When the doctor ushered me out, I gave her one last kiss and walked toward the door. And, then, I closed my eyes, stepped out into the hallway, and dialed Dad’s number. I couldn’t afford any more hospital bills and I didn’t want us to be in debt forever. The phone rang and it rang and it rang and just as I was about to hang up, he answered.
“Mia,” he said in a gruff voice. “Didn’t think I’d ever hear from you again.”
My lips quivered at the mere sound of his voice. I wanted to hang up the phone right then and there. But though all I had for him was anger, I couldn’t hang up. “Dad.”
He chuckled so menacingly at me. “Didn’t think I’d ever hear that again either.”
“Mom’s in the hospital again.”
All his pleasantries went right out the window, and the real him finally showed up. “Why are you calling me? Do you think I give a fuck about your mother? She was nothing but a nag.”
Tears welled up in my eyes, and I tried to keep my voice quiet so nobody would hear that I needed help with my finances. It was embarrassing to say the least. “Dad, please… I can’t afford any more hospital bills. We already lost the house.”
I felt like such shit for calling him. I knew he wouldn’t help me.
“You’re the only person I have that can help me,” I whispered, brushing a stray tear off my cheek.

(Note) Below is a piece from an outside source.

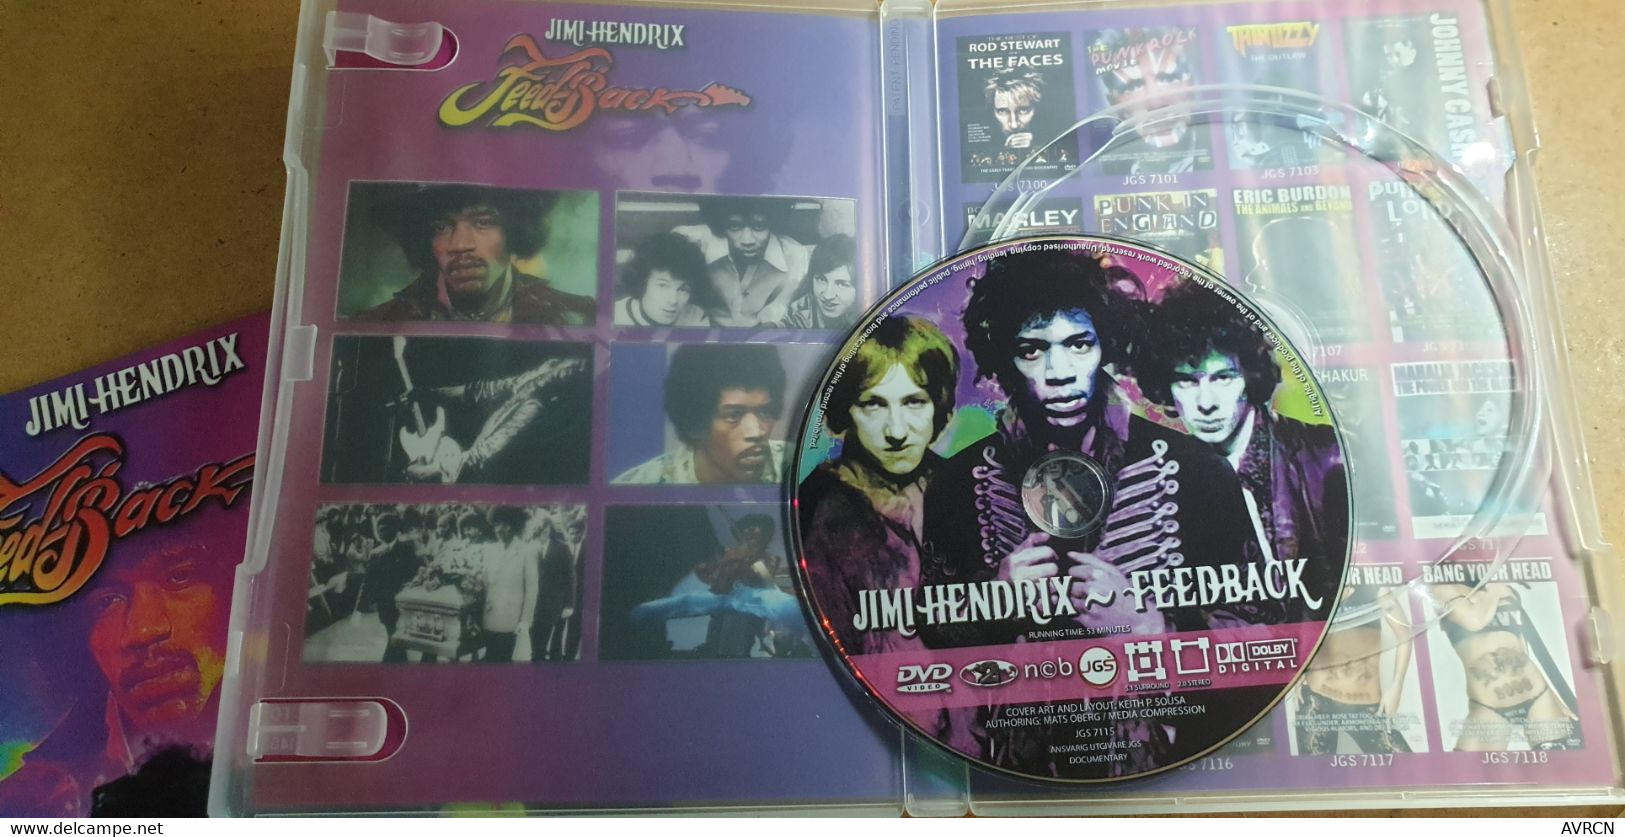 JIMI HENDRIX - FEEDBACK - DVD « NCB-JGS 7115 ». - DVD Musicales

Some nurses walked down the hall, and I leaned against the wall, resting my forehead on it. “Please.”
“What do you want me to do?” I asked, so desperately. “I’ll do anything. All I need is a few thousand.” It was a lie. I needed more. Way more. But anything would do right now.
“No,” he said again, his voice stern. “Your mother is not my problem anymore.”
“What about me?” I asked, louder than I meant. “I’m your daughter.” When I saw Mason gaze into the hallway from the waiting room, I quietened my voice. “I’m your daughter and I’m struggling. Don’t you care about me?”
He stayed silent for a long time, then sighed through his nose. “You’re an adult, Mia.”
“And you’re just an asshole,” I said, slamming my already cracked phone on the ground, resting my back against the wall, and sliding down to sit on the ground. “Just a fucking asshole.”